I note with interest the report of the Premier's Economic and Social Recovery Advisory Council - PESRAC. I acknowledge the Premier's commitment to accepting all of its 52 recommendations. Within those recommendations there are many points of interest that point to future opportunities and complement ongoing initiatives.
It is with this context that I frame the following comments and observations. Like many of us in this place, I speak from a position of experience. As a former Latrobe councillor for 20 years and mayor for 12 years, I have been party to significant growth and development and the associated strategic implications - especially as Latrobe is one of the fastest growing municipalities in Tasmania and has been for many years - together with the initiation of the Devonport Living City project and the ongoing business and community developments in my Mersey electorate.
The COVID-19 crisis has left the future of many businesses and jobs in doubt, and many are still navigating their way forward.
Sitting suspended from 1 p.m. to 2.30 p.m.
[2.57 p.m.]
Mr GAFFNEY (Mersey) - Mr President, from a national perspective, the scaling down of the federal JobKeeper and JobSeeker payments may yet lead to a new local issue that will need to be addressed.
However, the Government's move to support development has led to an extraordinary situation, where a thriving construction industry and national confidence in housing fuelled by low interest rates have seen booming house prices and surging rents across Tasmania. Add to this the mainland exodus to our island state that has seen challenging times for many of my constituents who are struggling to find housing they can afford in a tight rental and sales market. I can only hope the Government's housing support initiatives together with its headworks holiday will encourage more developers to release blocks for developments to meet the demand for housing and return the market back to some sense of normality.
The other issue developing with our construction boom is a shortage of skilled trades professionals. One of the Government's proposed solutions is the evolution of the TasTAFE into a government business enterprise. I understand the Government's interest in expanding the scope of TasTAFE central training service that so many employers and student have come to know and trust. My concern is this step - one that I hope will achieve what the Premier expects - will not be a step blindly into the unknown. The strength of TasTAFE comes from its committed staff who have a direct interest in supporting their students to be the best they can be.

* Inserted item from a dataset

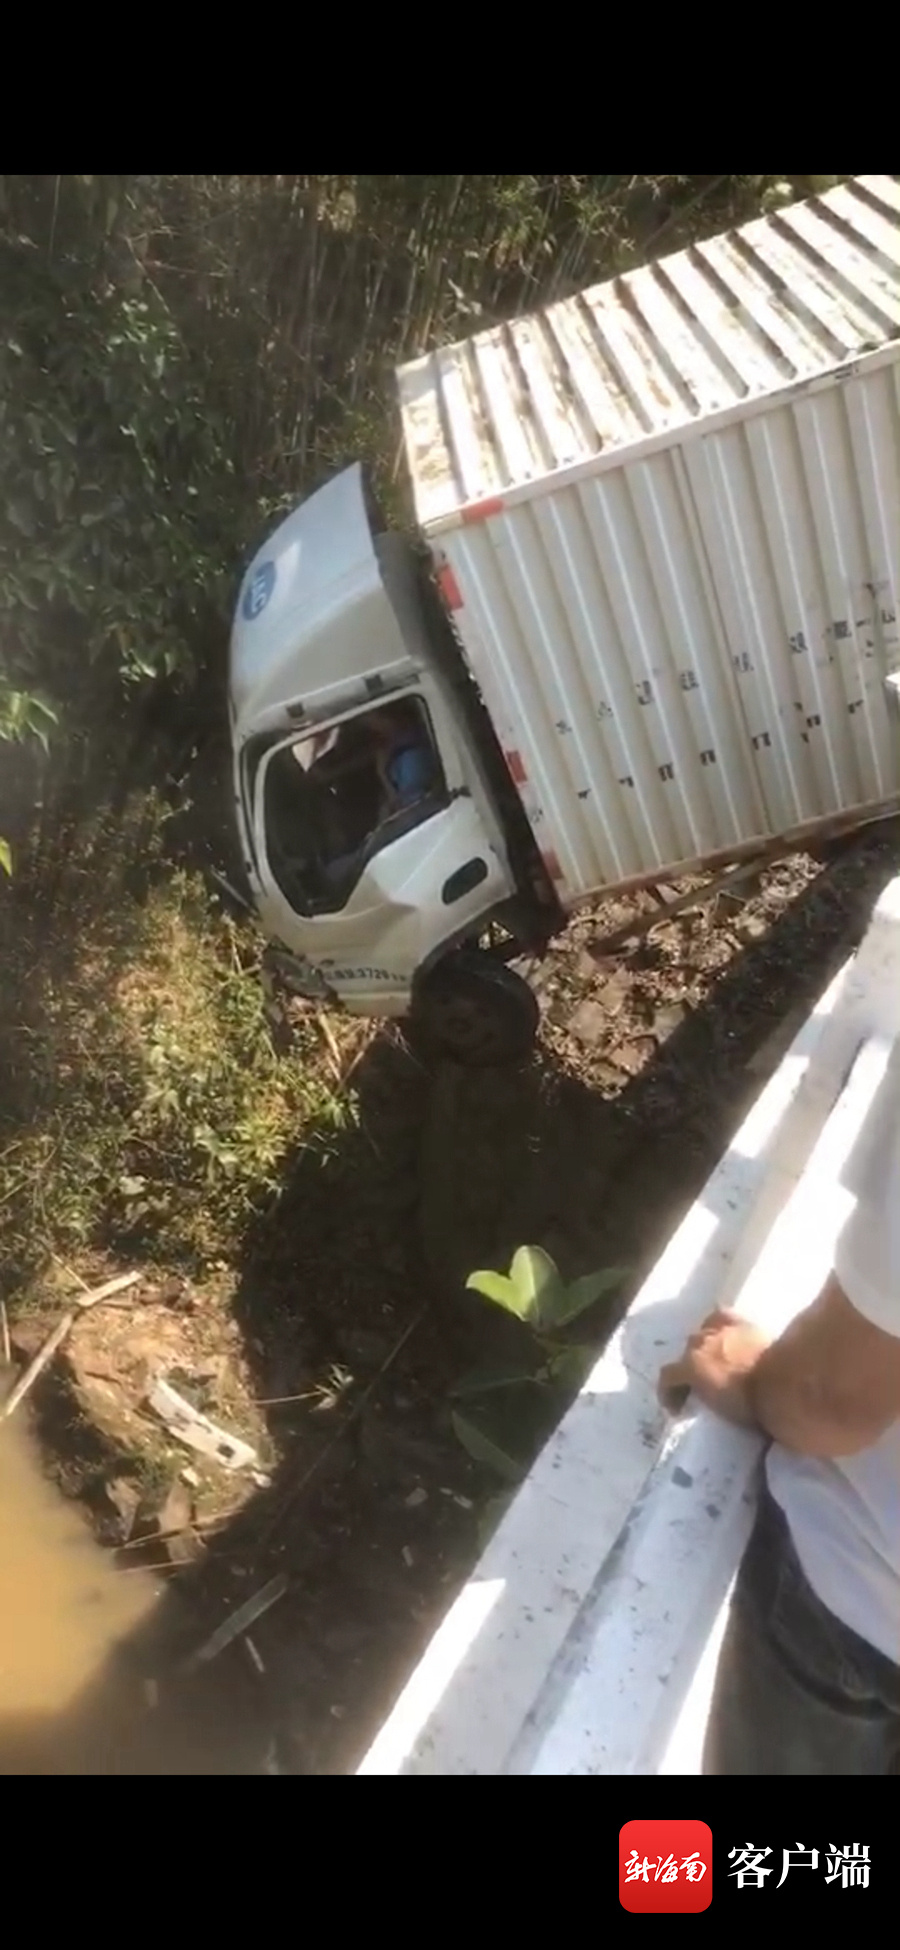 椰视频 | 澄迈一货车因追尾冲出桥外车身悬空 围观群众找来挖掘机救人

If the proposed restructure leads to a higher course fees and a period of instability as these changes establish themselves, are we going to see students laden with debt and dissatisfied industry clients? Especially if TasTAFE is to become a fully commercial enterprise that has to compete with private training providers who will naturally attempt to cherrypick the most lucrative parts of skills training for their own benefit.
In addition to this, how will this new TasTAFE structure partner with the Education department seeing growing enrolments in school- and college-based vocational education and training courses. I have to reference Don College in my own electorate which has a hugely popular range of VET courses that are oversubscribed with facilities that do not allow the pent up student demand to be fully met - a huge opportunity for expansion that the new TasTAFE may see as a future competitor to its activities. I hope the Government can find a way to support our schools and colleges through this.
While I am on the subject of education, I am sure all members fully appreciate the value of education in developing the future life chances of the young people in our constituencies. For those coming from less advantaged backgrounds, a high-quality education is a route that offers better employment and greater chances for successful lives and satisfying careers. For these young people, often there is only one shot at this, and it has to be right.
I welcome the Government's focus on helping more students to successfully complete year 12. The Don College has been supporting this for many years with inspired leadership, active industry partnerships, and a keen understanding and analysis of where its students go on to, be it further education, employment or apprenticeships.
The COVID-19 pandemic has redefined the delivery of education and brought new challenges to bear for both staff and students in all our schools and colleges. With the challenges brought to student wellbeing in such a turbulent time, it is deeply gratifying to see the Government commit additional funding to fully support phases 1 and 2 of the Child and Adolescent Mental Health Services review.
The extra 80 full-time equivalent (FTE) professional staff for our schools to support children and young people impacted by trauma builds on its previous funding commitments in this area. This will be welcomed by TANA - the Trauma Awareness Network Australia - a north-west-based organisation whose essential work I fully support and which I have spoken about many times.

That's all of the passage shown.